POLITICS

SNP Rejects Claim David Cameron Could Block Second Independence Referendum

28/07/2015 17:08 BST | Updated 28/07/2015 17:59 BST
ADRIAN DENNIS via Getty Images
A member of public flies a giant Scottish Saltire flag outside the Houses of Parliament shortly before Scotland First Minister Nicola Sturgeon posed with newly-elected Scottish National Party (SNP) MPs during a photocall in London on May 11, 2015. The SNP won a landslide in Scotland in the May 7 general election, destroying the Labour party north of the border in a historic leap forward which could increase pressure for a fresh referendum on independence. The nationalists won 56 of 59 parliamentary seats in Scotland up from just six at the last vote in 2010. AFP PHOTO / ADRIAN DENNIS (Photo credit should read ADRIAN DENNIS/AFP/Getty Images)

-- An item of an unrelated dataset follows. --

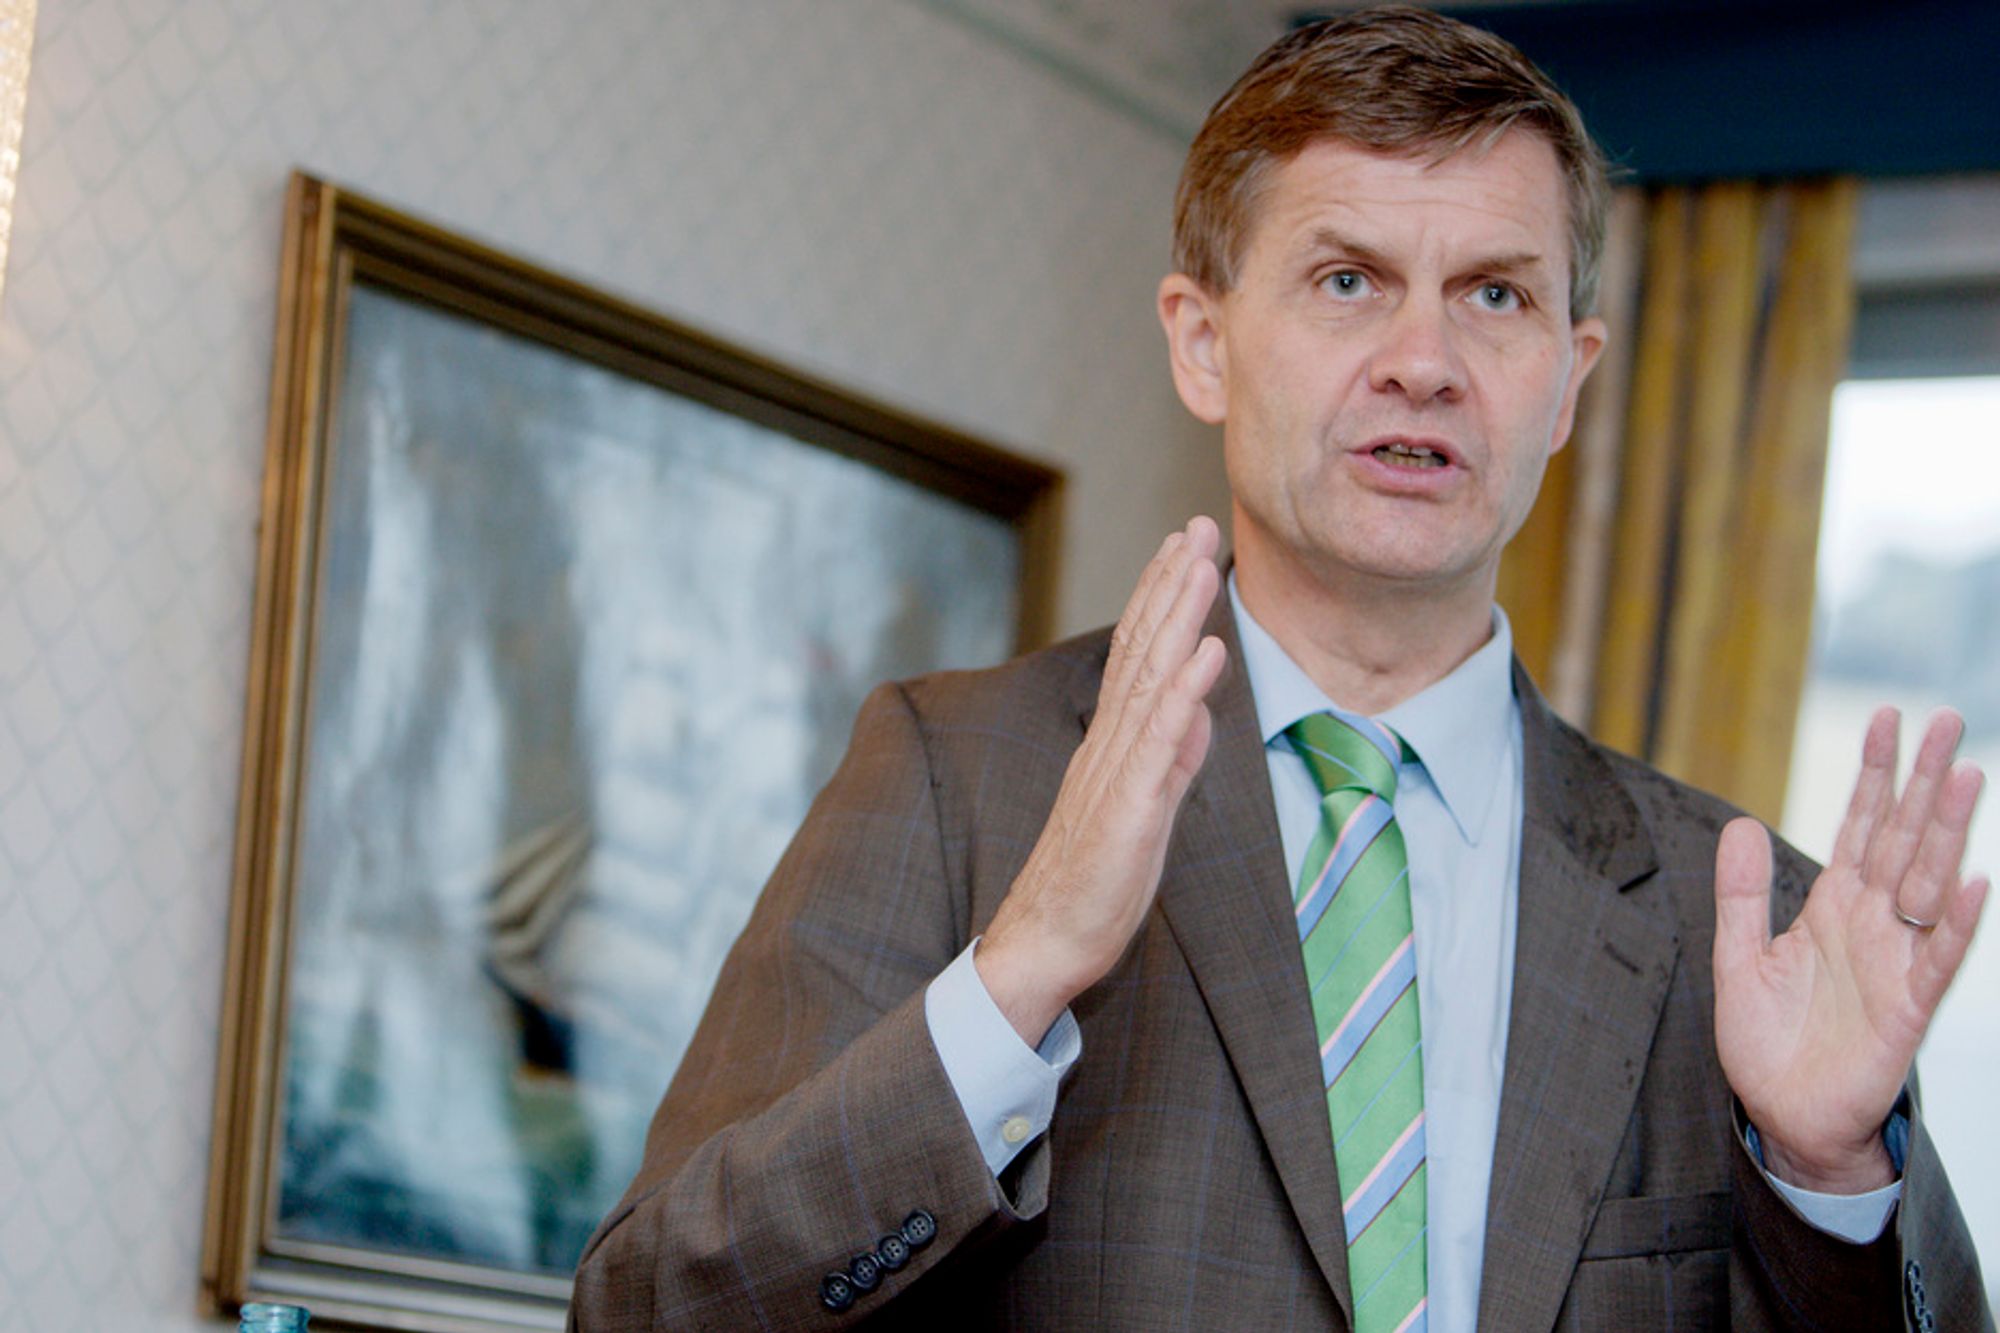 Miljøvern- og utviklingsminister Erik Solheim lanserer valgflesk for de miljøfokuserte foran valget i september.
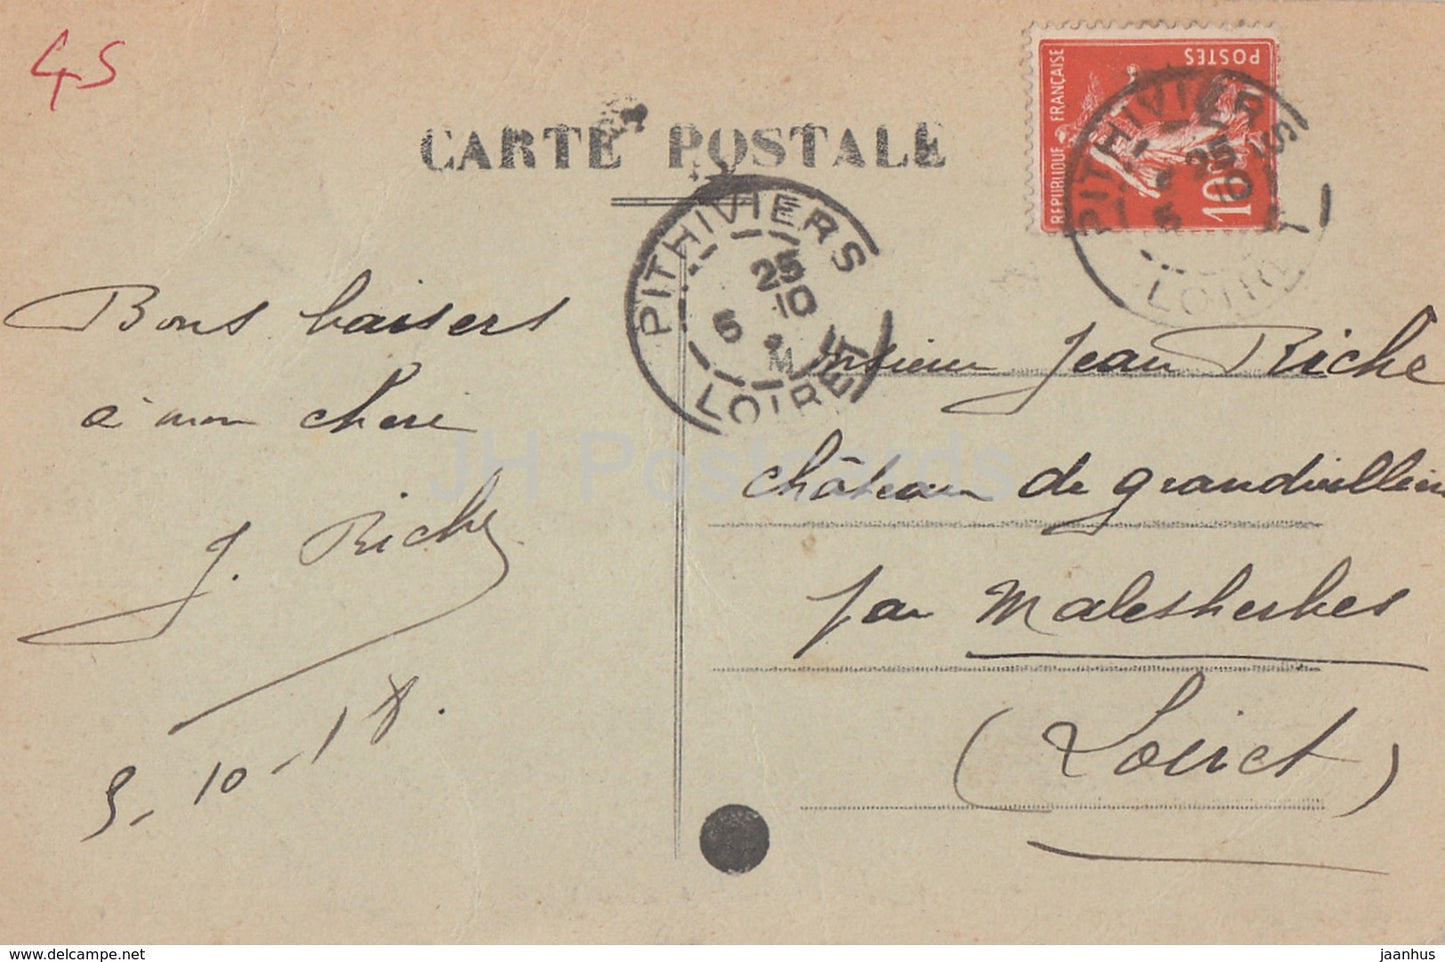 Pithiviers - Chateau de St Pierre A la Groue - castle - old postcard - 1918 - France - used

The SNP has rebutted claims David Cameron could block a second independence referendum.

Days after the Prime Minister said he did not "see the need" for another nationwide poll on Scottish independence, SNP officials issued a stinging response, saying they were adamant an impending vote could still be on the cards.

“The timing of any future referendum is a matter for the people of Scotland to decide — and not for a Tory prime minister to dictate," a party spokesperson claimed.

Cameron prompted an angry response from Scottish nationalist MPs after he insisted a "decisive" result had been delivered last year.

"There can't be a referendum, and there certainly can't be independence for Scotland, unless a majority of people in Scotland clearly want that," he said during a trip to Singapore on Monday.

david cameron

The Prime Minister made his comments while on a trip to Singapore

"It will be my ultimate decision, in line with the democratic decision-making processes of the SNP, to determine whether or not there is a commitment to a second referendum in the SNP manifesto for the Scottish election.

"And in due course we will take that decision and take that decision based on what we consider to be in the best interests of the country."

Despite powers to call a vote on the break up of the union lying with Westminster, Alex Salmond said a second referendum was "inevitable", despite having described last year's poll as a "once in a generation" opportunity.

His comments followed parliamentary colleague Margaret Ferrier, SNP MP for Rutherglen and Hamilton West, who quizzed the secretary of state for Scotland over contingency plans to hold "a further referendum on Scottish independence".

Scottish secretary David Mundell said that "given a clear majority of Scots voted No" there were no plans for a second vote.